PXL/HO/Cir-047/2020-21 Date: 17.07.2020
Subject: Inspection Procedures/ measures being followed by the Brazilian National Health Surveillance Agency (ANVISA) during COVID-19 pandemic
We are glad to share the inspection procedures and the measures adopted by the Brazilian National Health Surveillance Agency (ANVISA) in the exceptional circumstances of Covid-19 pandemic.
ANVISA has adopted alternative certification procedures based on remote inspection or reliance on data from other health authorities, In this regard, The Resolution of the Collegiate Board (“Resolucao da Diretoria Colegiada” – RDC) of ANVISA No.346/2020 of Mar 13th establishes extraordinary and temporary criteria and procedures for the certification of Good Manufacturing Practices (GMP) for the purposes of registration and post-Registration of active pharmaceutical ingredients (API), drugs and health products.
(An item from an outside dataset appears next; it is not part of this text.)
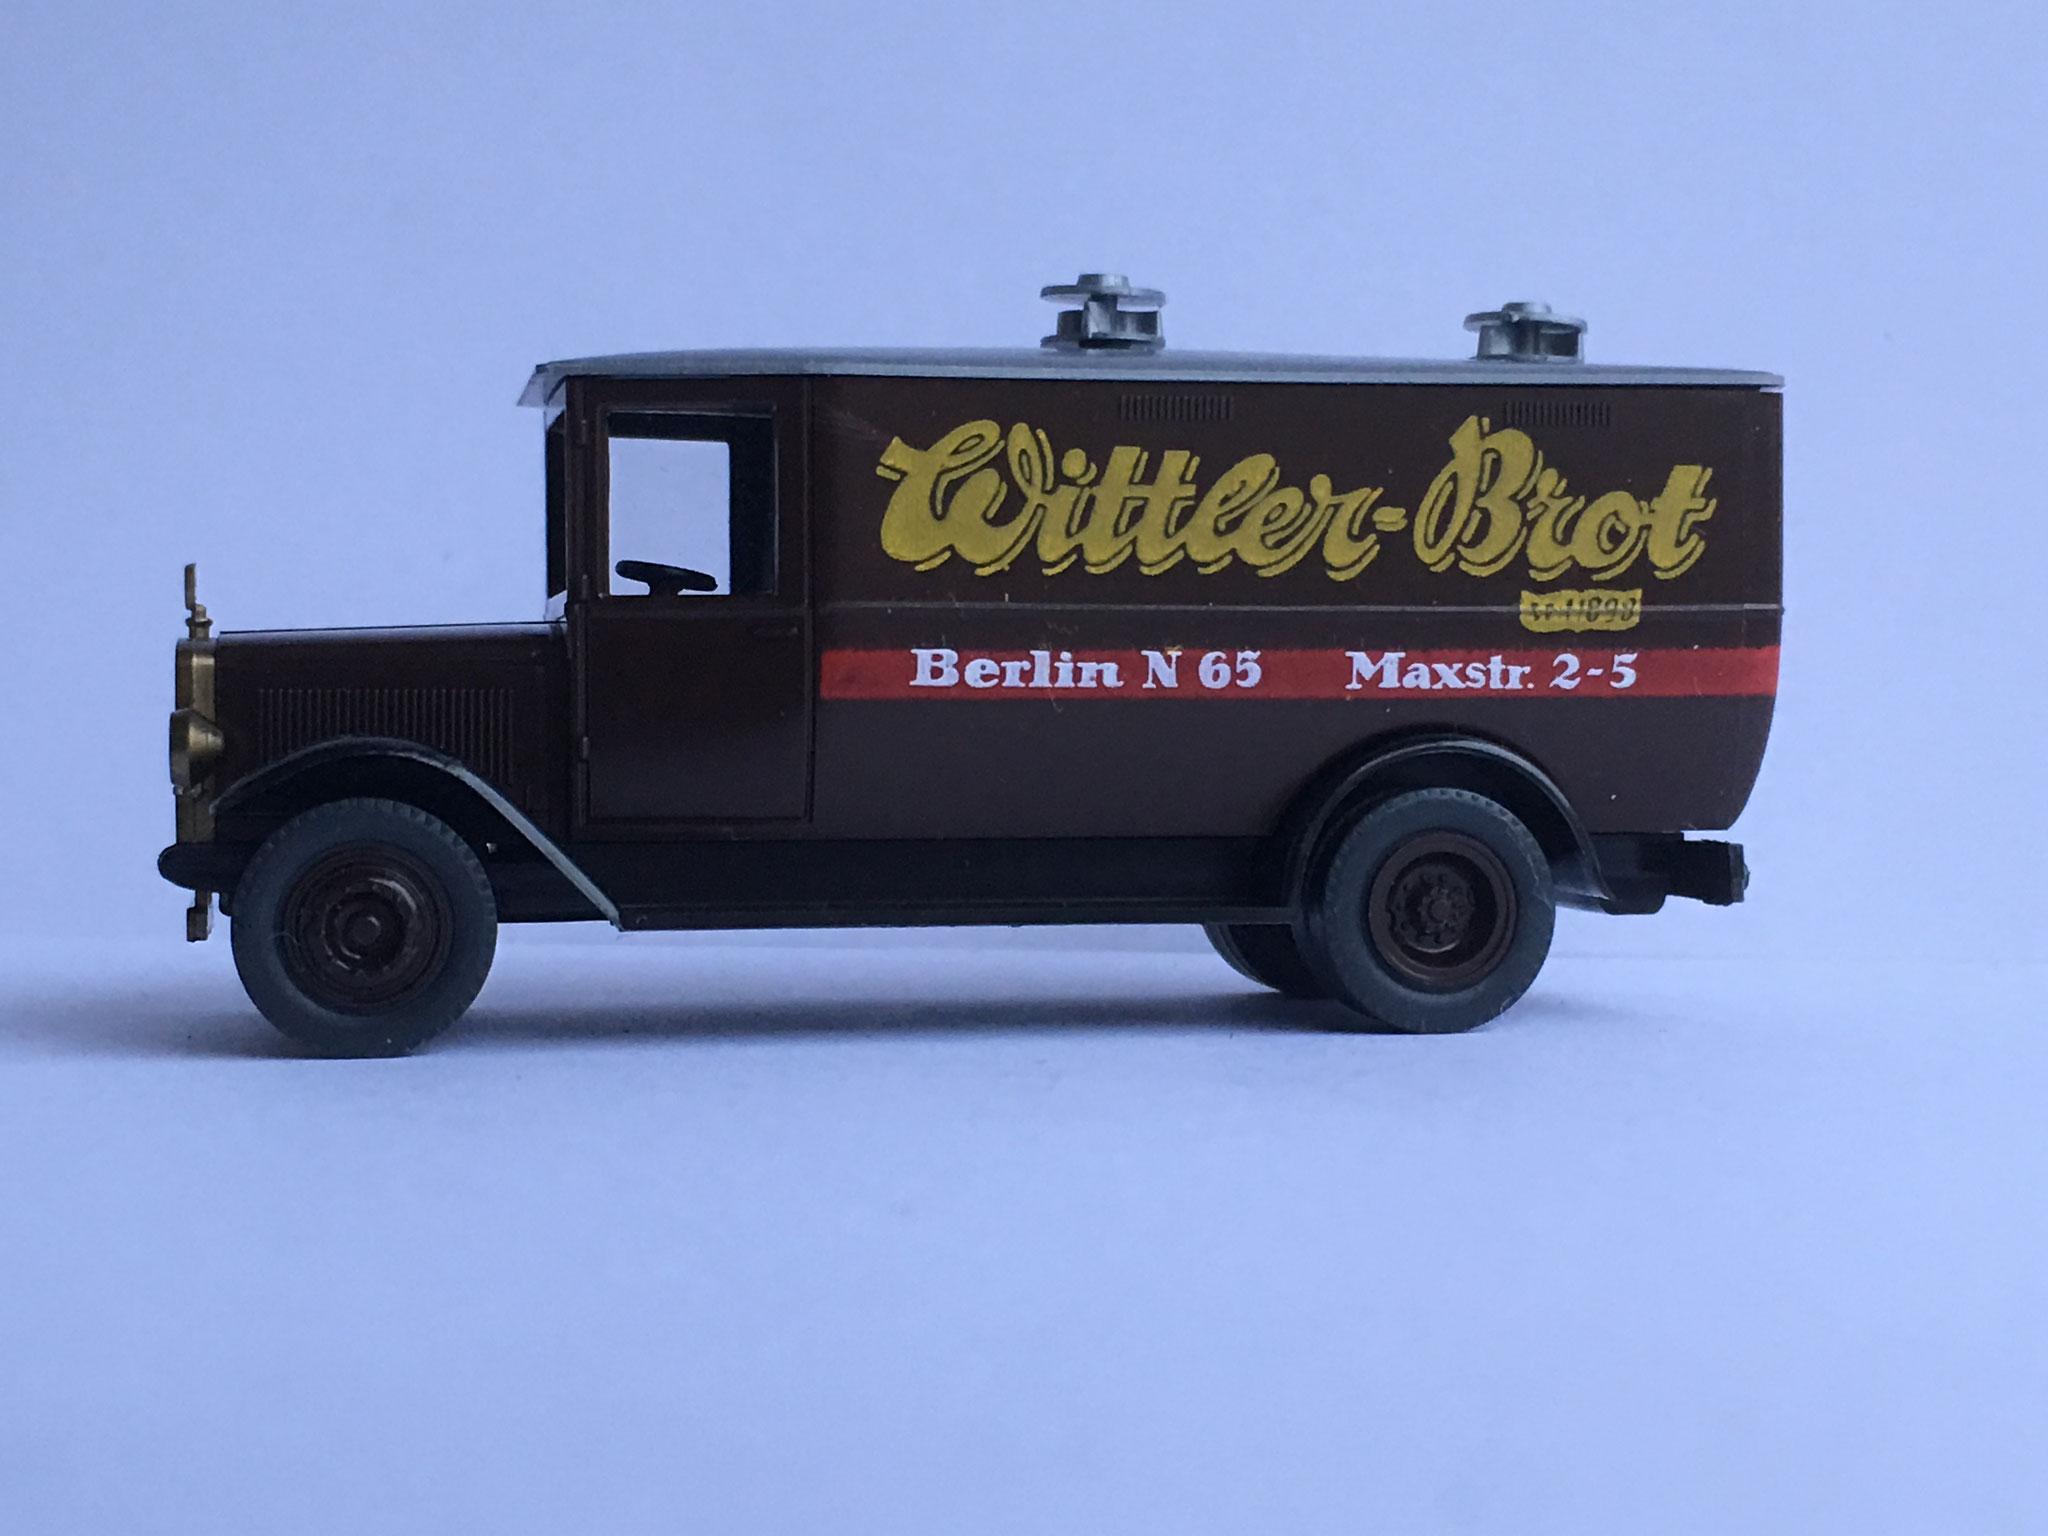 Mercedes L2 Kastenwagen Wittler Brot Berlin, Art. Nr. R6 (Pietsch), 1989

With regard to the certification related to medicines and pharmaceutical supplies, the resolution establishes the possibility of certification based on reports issued by member countries of the “Pharmaceutical Inspection Cooperation Scheme” (PIC/S), even in cases where the company is not based in a country which is part of the scheme. For the certification of healthcare products, information from the “Medical Device Single Audit Program “(MDSAP) is accepted. For certifications related to pharmaceutical inputs, the resolution allows the acceptance of results from the “Program to rationalize international GMP inspections of active pharmaceutical ingredients / active substance manufacturers”. In addition to these alternatives, the resolution also allowed certification based on remote audits carried out by ANVISA.
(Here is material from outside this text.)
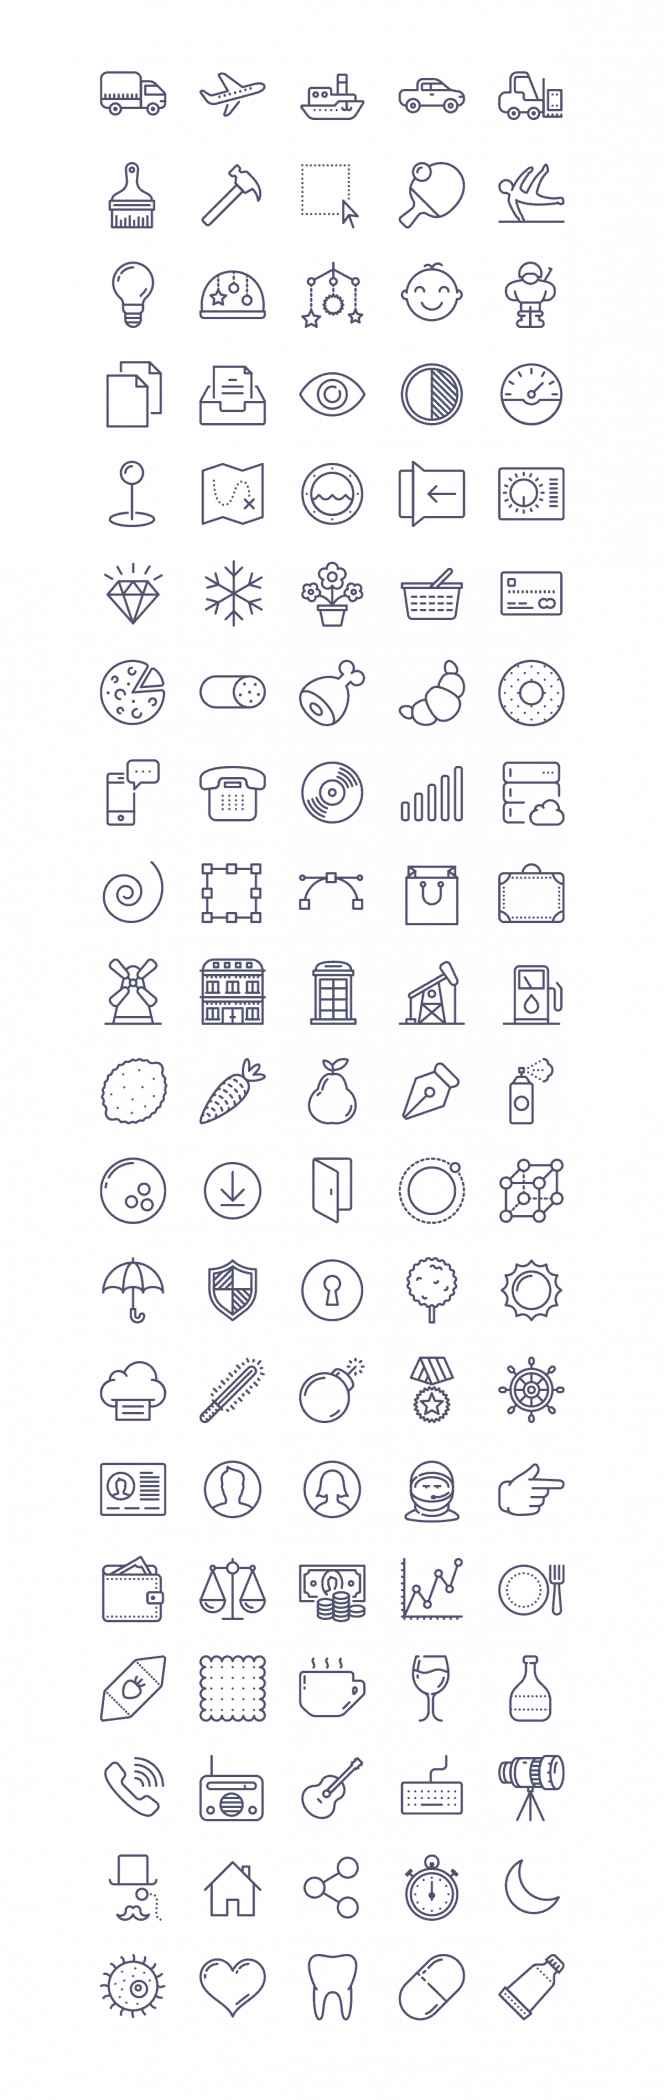 100 free Unigrid vector icons | IconStore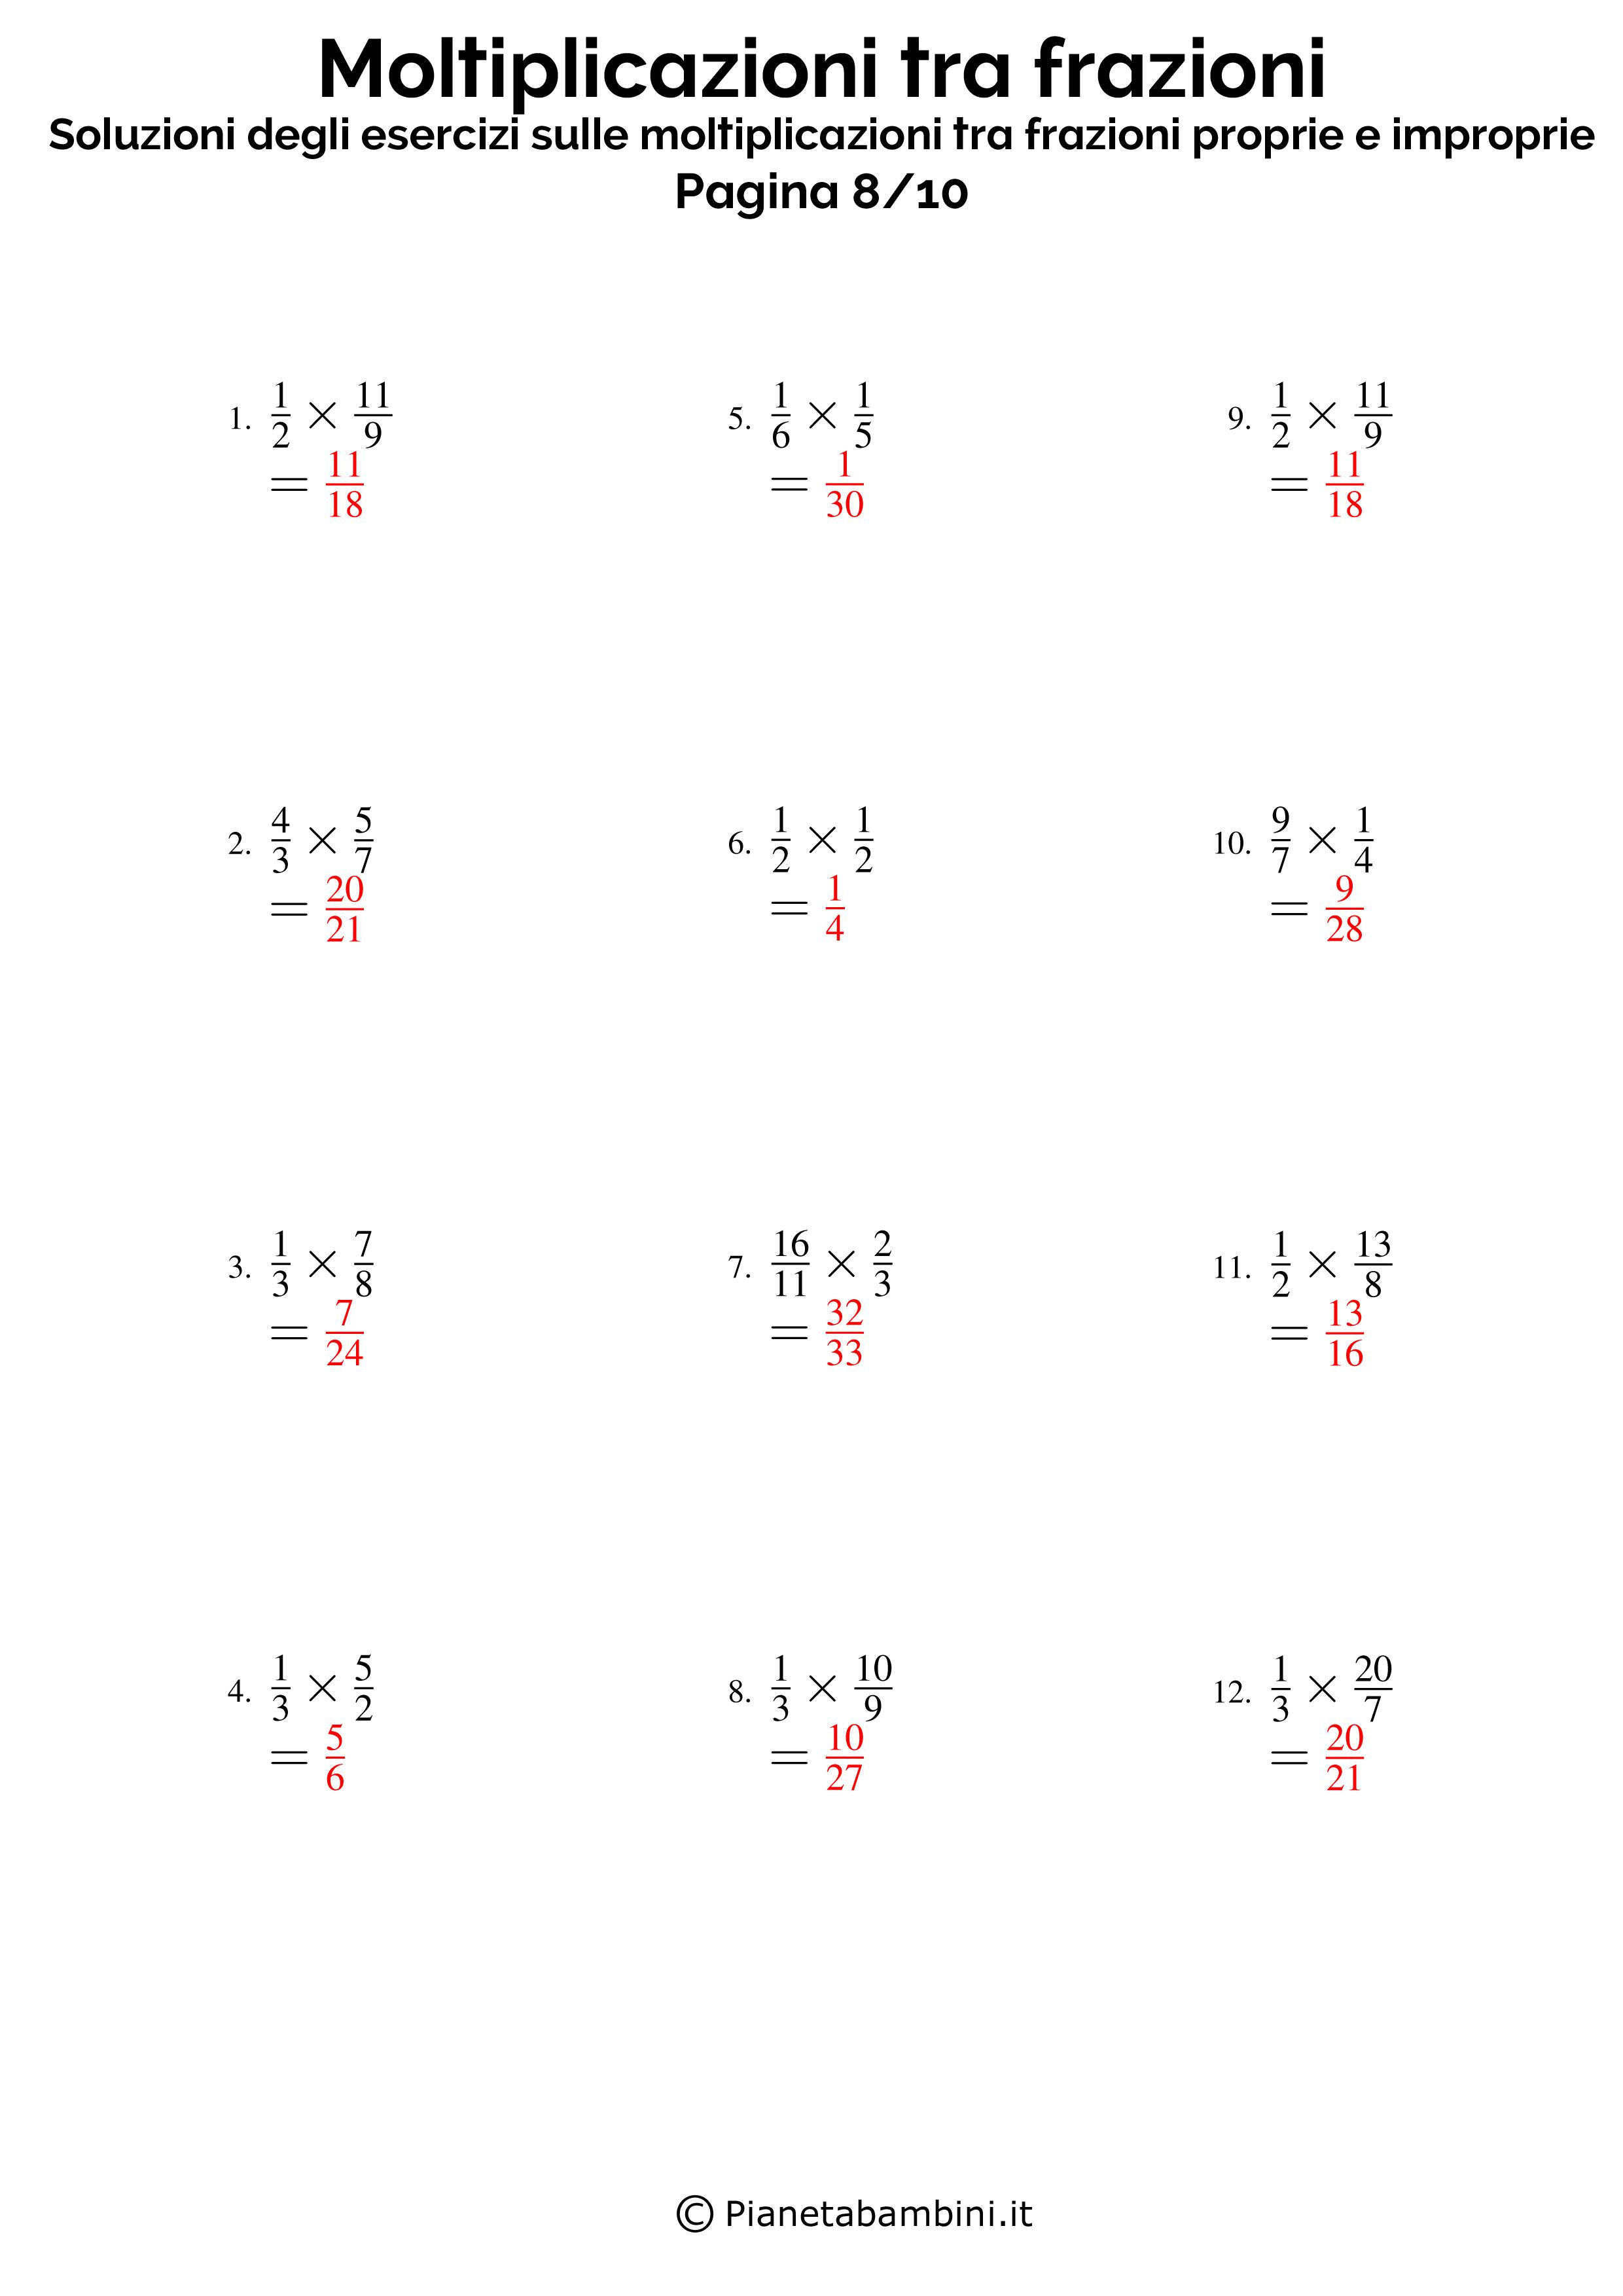 Soluzioni-Moltiplicazioni-Frazioni-Proprie-Improprie_08

With regard to the possibility of acceptance of studies of safety, efficacy and quality for the purposes of drug registration, ANVISA has informed that the RDC no 348/2020 of March 17th establishes special procedures for drug registration that
Have specific therapeutic indication for the prevention or treatment of COVID-19,
Can be useful in the clinical management of the disease or
Contribute to lessen the burden on the national health system.
Such special procedures include flexibility of evidence and prioritization of analysis. With this RDC, post-registration changes to medicines that are necessary to maintain the national supply may follow simplified procedures. For more details on the registrations and post-registrations approved by this resolution, ANVISA recommended consulting a document prepared by the General Management of Medicines and Biological Products (GGMED), available at the following the following electronic address http://portal.anvisa.gov.br/documents/219201/4340788/Carta+GGMED.pdf/b315c8ec-0416-400b-b7e6-61414616b797
3. With reference to the requirement for printed documentation to import goods into Brazil, the Ministry of Economy has eased the requirements for the presentation of certificates of origin during emergency situations, state of public calamity or a pandemic declared by the WHO, extending the deadline for the presentation of the certificate to 60 days after the import declaration is registered. The flexibility was determined by means of the Normative Instruction No. 1936, dated April 15th 2020.
Members may kindly make use of this important updates of ANVISA to continue their exports to Brazil seamlessly.